Consumers also have strong views on how they want bots to look like and behave. More than half (51 percent) prefer their bot to look like a human, as opposed to 17 percent who want to see an avatar. Although 46 percent don’t care either way, 44 percent prefer them to be female, rather than male (10 percent). Sounding polite (1), intelligent (2) and caring (3) are by far the highest in terms of preferred bot personality traits, followed by being fully customizable (4) and funny (5). But, sounding serious, foreign or authoritative rank much lower with only 18, 17 and nine percent of consumers, respectively, saying they would appreciate this.

Service provider investments not focused on what’s bothering consumers

Service providers in Asia are not investing in the right areas in terms of their AI investments. Thirty-eight percent are prioritizing AI investment in increasing information security and privacy and 33 percent in speed of response. What customers rank as top areas for improvement such as bots delivering better personalization or more comprehensive information are lower on service providers’ priority lists with eight and four percent, respectively, prioritizing these. Nearly a third (31 percent) of service providers are also creating avatar images for their bots while consumers prefer human-like images. They are also investing in features that Filipino consumers don’t find as desirable, with more than half (56 percent) of service providers building their bots to sound serious, a quarter to sound foreign and nearly a quarter (24 percent) to sound authoritative. The fact that 42 percent of Filipino consumers experiencing problems with today’s bot service don’t complain about it means the industry is working in the dark.

Inability to grow, not cut, human workforce is the biggest risk to AI strategies

Eighty-seven percent of service provider AI decision makers in Asia say that 85 percent of customer interactions will be with software robots in five years’ time. And almost a half of these decision makers (46 percent) fear they are lagging behind their competitors in the use of AI to improve the customer experience. To catch up, over a half (58 percent) plan to increase their AI budgets by at least six percent in the next 12 months and 87 percent intend to expand their AI workforce within the year.  

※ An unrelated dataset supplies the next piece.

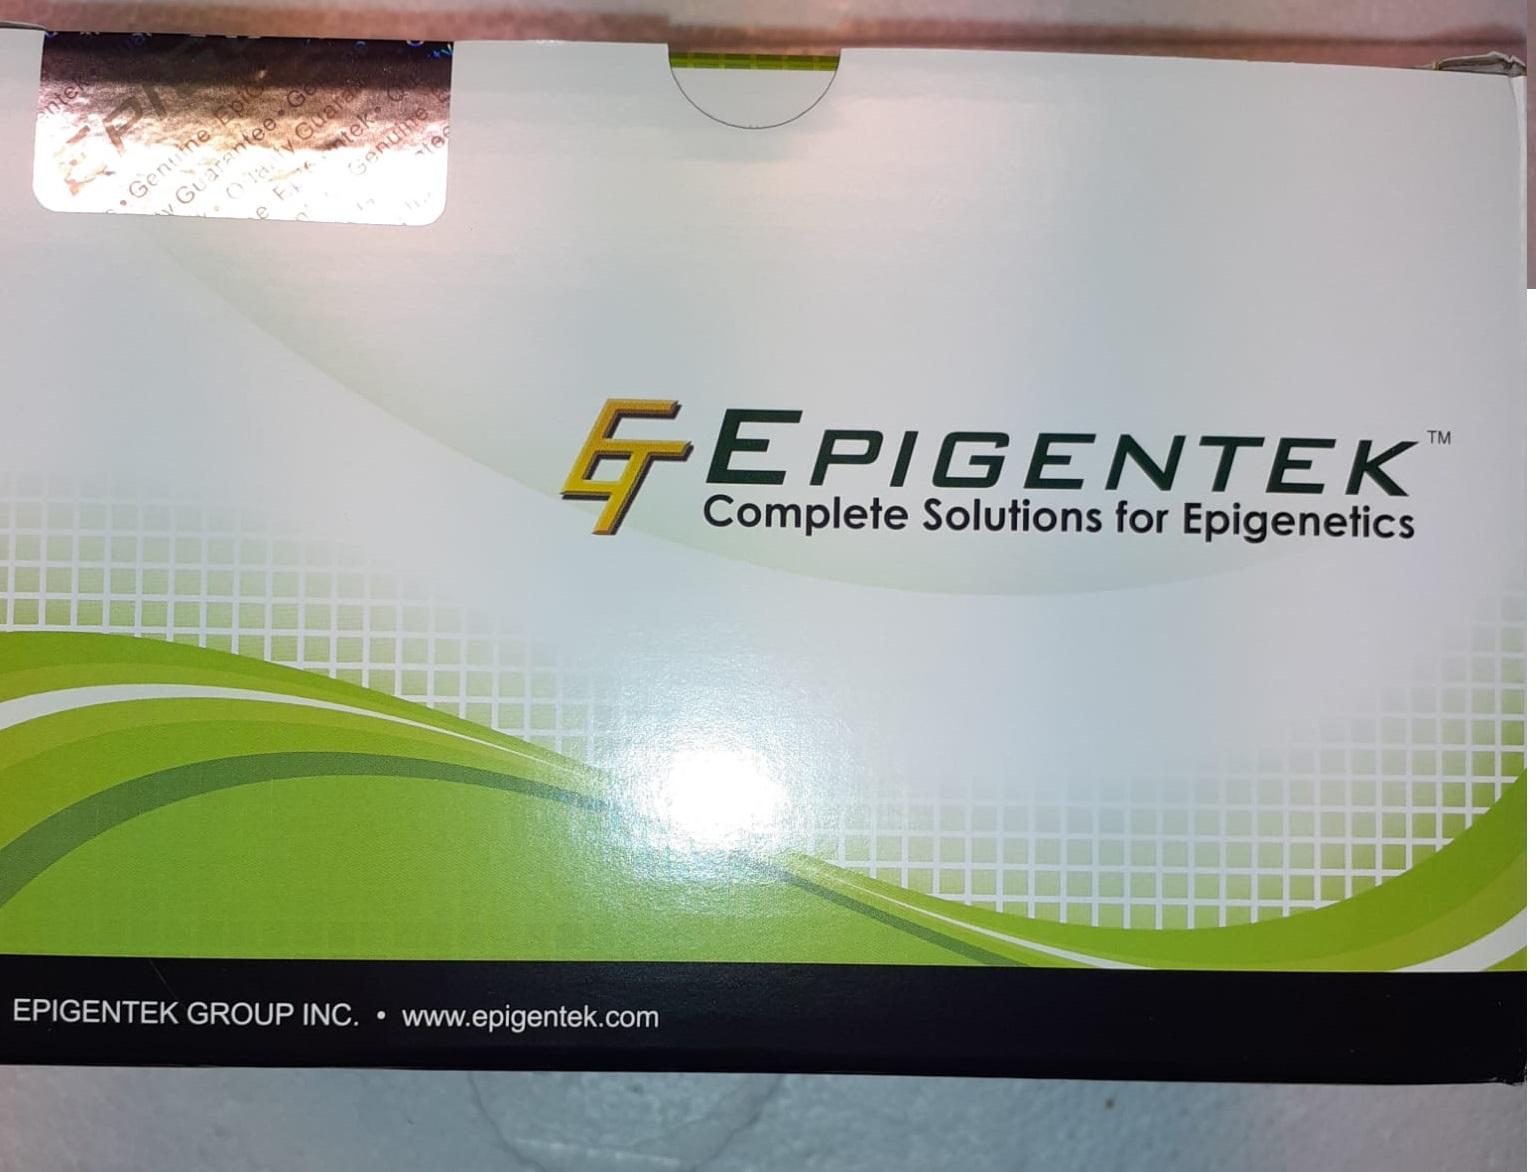 Epigentek Complete Solutions

But this expansion might still not be enough. Contrary to the common perception that tomorrow’s service provider will be run more by robots than humans, only four percent of service providers see AI as the opportunity to replace a large number of staff. Most decision makers (67 percent) actually see the lack of human skills to set up and run AI as one of the top two risks to delivering on their AI strategies, just behind technology not being mature enough (79 percent). A third are seeking external support, predominantly from their existing vendors as opposed to native AI solution providers (25 vs eight percent).

“Consumers have a good sense of how bots can serve them, better-developed than perhaps the industry’s. Their level of frustration with today’s bots is striking; over a third even say they will take their business elsewhere if the poor service continues,” says Gary Miles, general manager at Amdocs. “The good news is consumers actually believe that if anyone can get AI right, the communications and media industry can. And that’s ahead of retailers and banks. So AI could be a winning gambit for service providers as long as they sync up their AI investment priorities with what customers actually want.”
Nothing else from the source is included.